Можно было подумать, что миазмы болотной лихорадки, распространяясь по всей лестнице, просачиваются из-под дверей. На той же площадке, против Аннеты, билась в лихорадочном ознобе Кларисса. Запершись в четырех стенах, она никого не хотела видеть и злилась на весь свет. В душе ее был холод, была ночь. Клариссе казалось, что вся кровь в ней застыла, что она постепенно каменеет, как кора замерзшего дерева. Только письма ушедшего изредка обдавали ее волной тепла. Она читала их с сухими глазами, с оледеневшим сердцем: расставшись с Клариссой, он украл у нее солнце ее ночей. Смяв прочитанное письмо, она зажимала его, как шарик, в кулаке. И, однако, Кларисса отвечала коротким и пустым письмом, не отражавшим того, что она выстрадала, что она хотела и его заставить выстрадать. Она ничего не скрывала; она была из тех, для кого писать значит говорить обо всем, что происходит вокруг, но только не внутри них: о делах, но не о мыслях. О своем заветном Кларисса не вела беседы даже с самой собой. Чтобы говорить со своим сердцем, надо чувствовать его биение.

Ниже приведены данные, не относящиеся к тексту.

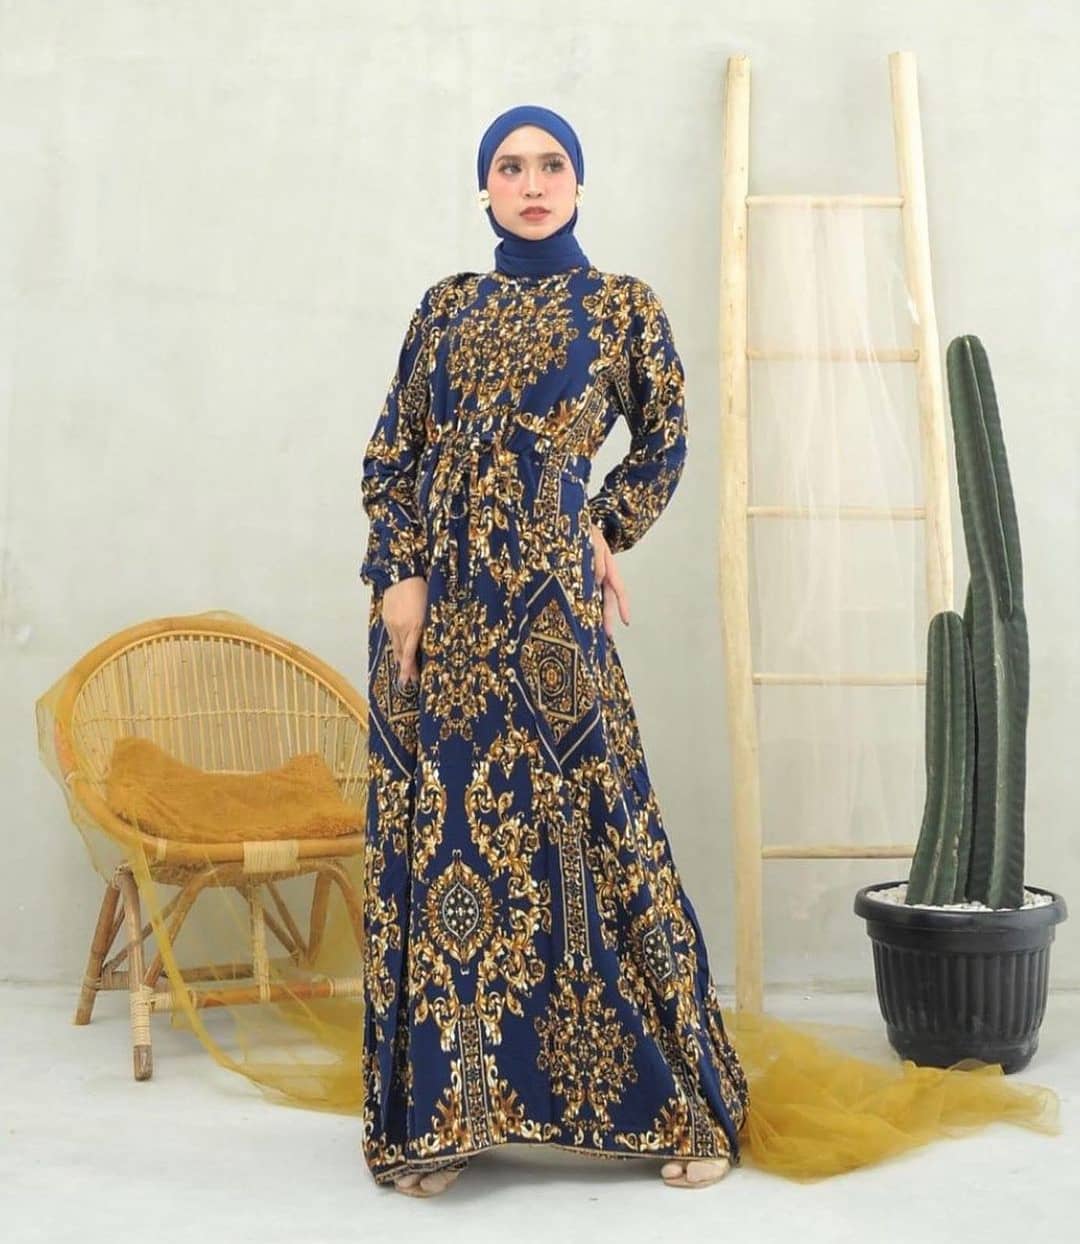 Baju Muslim Modern SULTAN DRESS MC Bahan VISCOSE CORAK Gamis Wanita Gamis Terbaru 2020 Remaja Modern Gamis Wanita Motif Murah Kekinian

Ее же сердце застыло. Она, как стеной, отгородилась от мира злобой.
Но весна растопила лед. Однажды до Марка донесся ее смех. Она двигалась по комнате, смотрелась в зеркало. Ее стали встречать на лестнице.
Выходила она из дому поздно. Кларисса всегда была одета со вкусом: эта дочь Парижа инстинктивно понимала, что ей к лицу; линии ее хрупкого тела, все ее движения отличались кошачьей гибкостью, и в глазах у нее мерцал тот холодный тлеющий огонек, какой бывает у кошек. Двигалась она бесшумно, старалась не останавливаться; в виде приветствия только наклоняла голову, а если к ней обращались, ограничивалась двумя-тремя учтивыми словами и проходила мимо. У нее не было охоты говорить о себе или выслушивать других.
«Я иду своим путем, а вы идите своим!»
Она держала себя как чужая. А люди простят вам все, но не простят отказа есть из одной тарелки с ними. Вокруг молодой женщины ткалась паутина недоброжелательства. Ей это было безразлично. Впрочем, все были заняты и не следили за ней. Лишь один человек ждал ее возвращения по ночам, и воображение его кипело, – Марк. Все тот же Марк… Нечего сказать, приятное у него окружение! Справа и слева от его постели – обезумевшие девы. Их распаленные тела… Над Парижем носится ветер сладострастия. А сладострастие сродни ненависти.